I hear rain – not in drips and drabs, but pouring and continuous rain. It will no doubt extinguish the fire in the Skoke Valley before it reaches Lake Cushman, and maybe also the fires deep in the forests of the Olympics near Ruby’s territory. The last time I checked the news was over a month ago – I decided not to participate any longer – but I am sure they are still talking about human causes of weather disruption. I am sure others are talking about the effects of the cycles of the sun and changes in earth’s magnetic field. They are right as far as they go, but this can also make us forget that the right song is cure for anything. I do not know who sang for this rain or for how long they sang, but I have strong suspects for who is working on both sides of the mountains. |
There is another way to think of this. I spoke in a previous blog about the necessity of leaving behind the victim child, the victim self, that it is the holy and wholly claimed magical self that requires our attention, our service. In the presence of self-abuse – mentally, psychologically, spiritually – in the home of self-negation – there is no place for the wealth and love of the real parents. In the fearful child I can be played like an out-of-tune instrument. Don't think that media and marketing do not know this.
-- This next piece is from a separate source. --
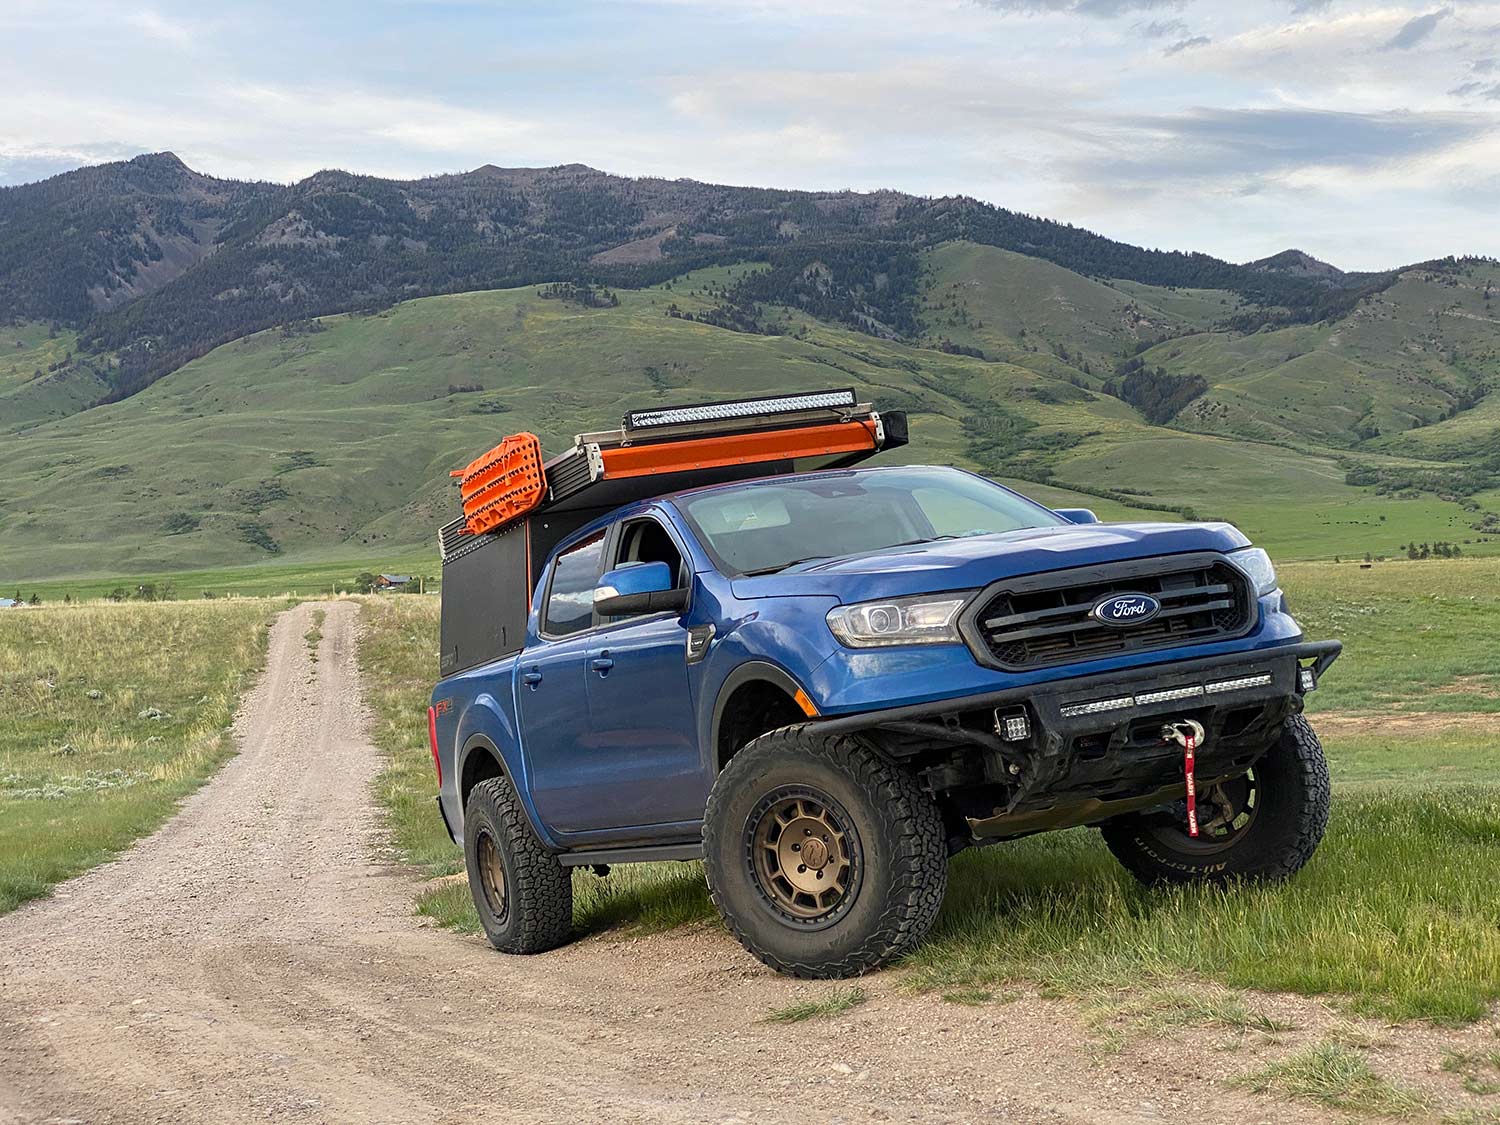 A blue ford pickup truck outfitted with custom attachments and gear.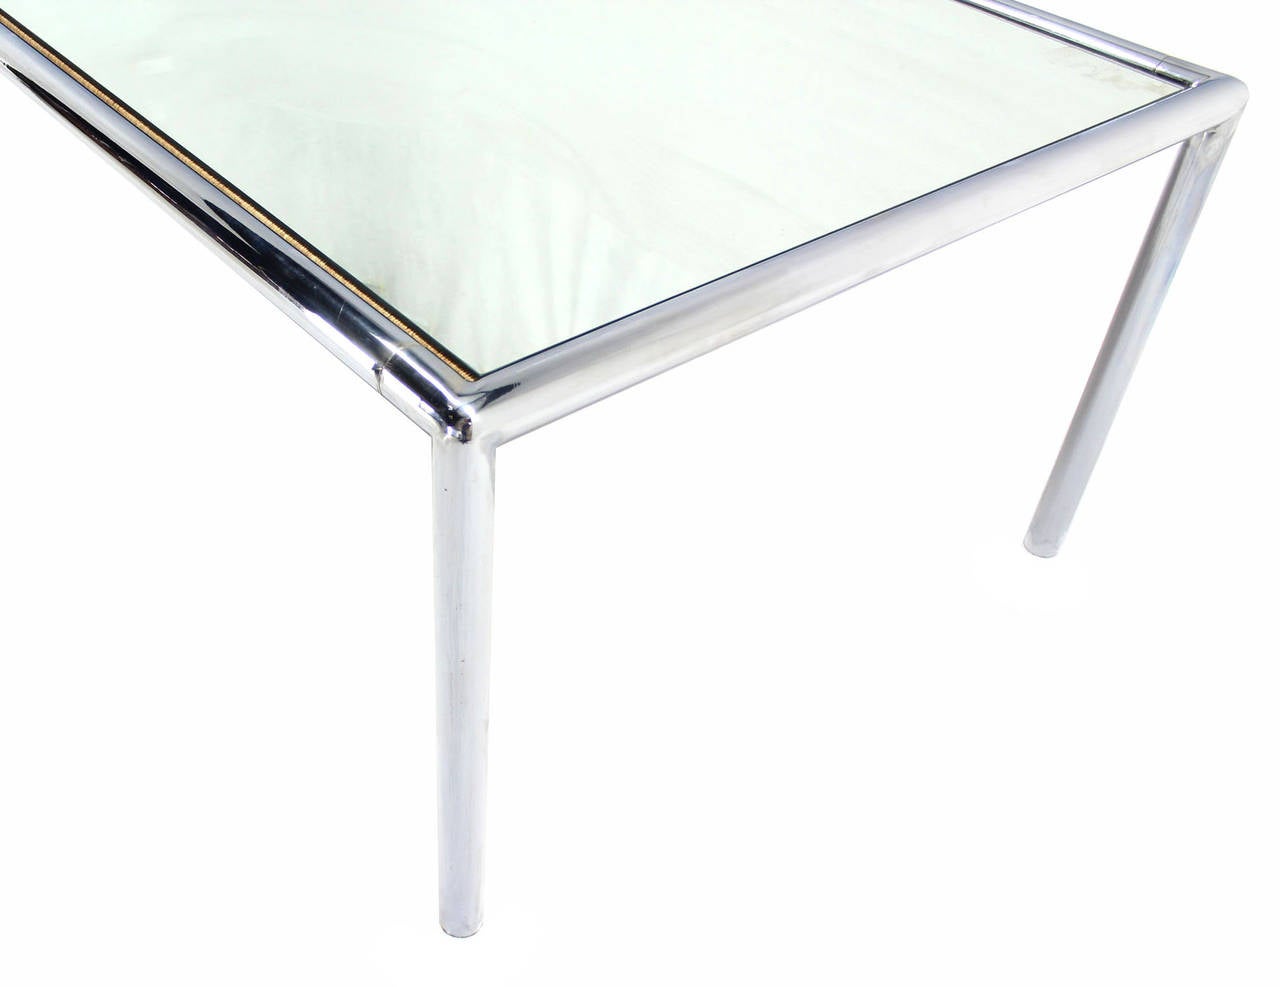 American Extra Long Chrome Tubular Design Dining or Conference Table w/ Mirrored Top

If you have read other of my blogs you know I am not talking about failure to know our own defenses, those coping attitudes and familiar emotional positions to which the injured child, the victim identity, habitually clings. We all have these icky places that drive our friends nuts, but we cannot free ourselves from them in the territory where they rule. We have to move into a bigger self, a connection with the holy. It is from there that songs have their greatest power, there that we can bring our familiar emotional haunts, our limits, to heel.
I know songs for when I am “on the floor,” but these are also songs for creation, for pulling on one’s luck, making something new. (I describe this in Dream Talk). The spirit opens a door to something bigger and more magnificent, and that "something bigger" is me.
That which tugs frantically at my skirt to shock me into fear and anger, that reduces life to pain and righteousness and makes me forget that stars listen to the people singing? Remember that common pattern of pots in the southwest. On top surrounding the hole is a star, on the bottom the earth. In between are the people holding hands, dancing with their tasseled corn, linking sky to earth, spirit to sacred matter. Singing - the people knowing their power, their nature, their work.
I do not mean that we remain ignorant of what is, that we refuse to see in order to protect ourselves. Of course not. After all, I do have an adult on-board. But I do not choose to make my home in those dimensions.
Instead I am grateful that someone knows the song for rain. I hear one now in the trees, the powerful voices of women, the strong drums of men. On this song my spirit remembers who I am, who you are.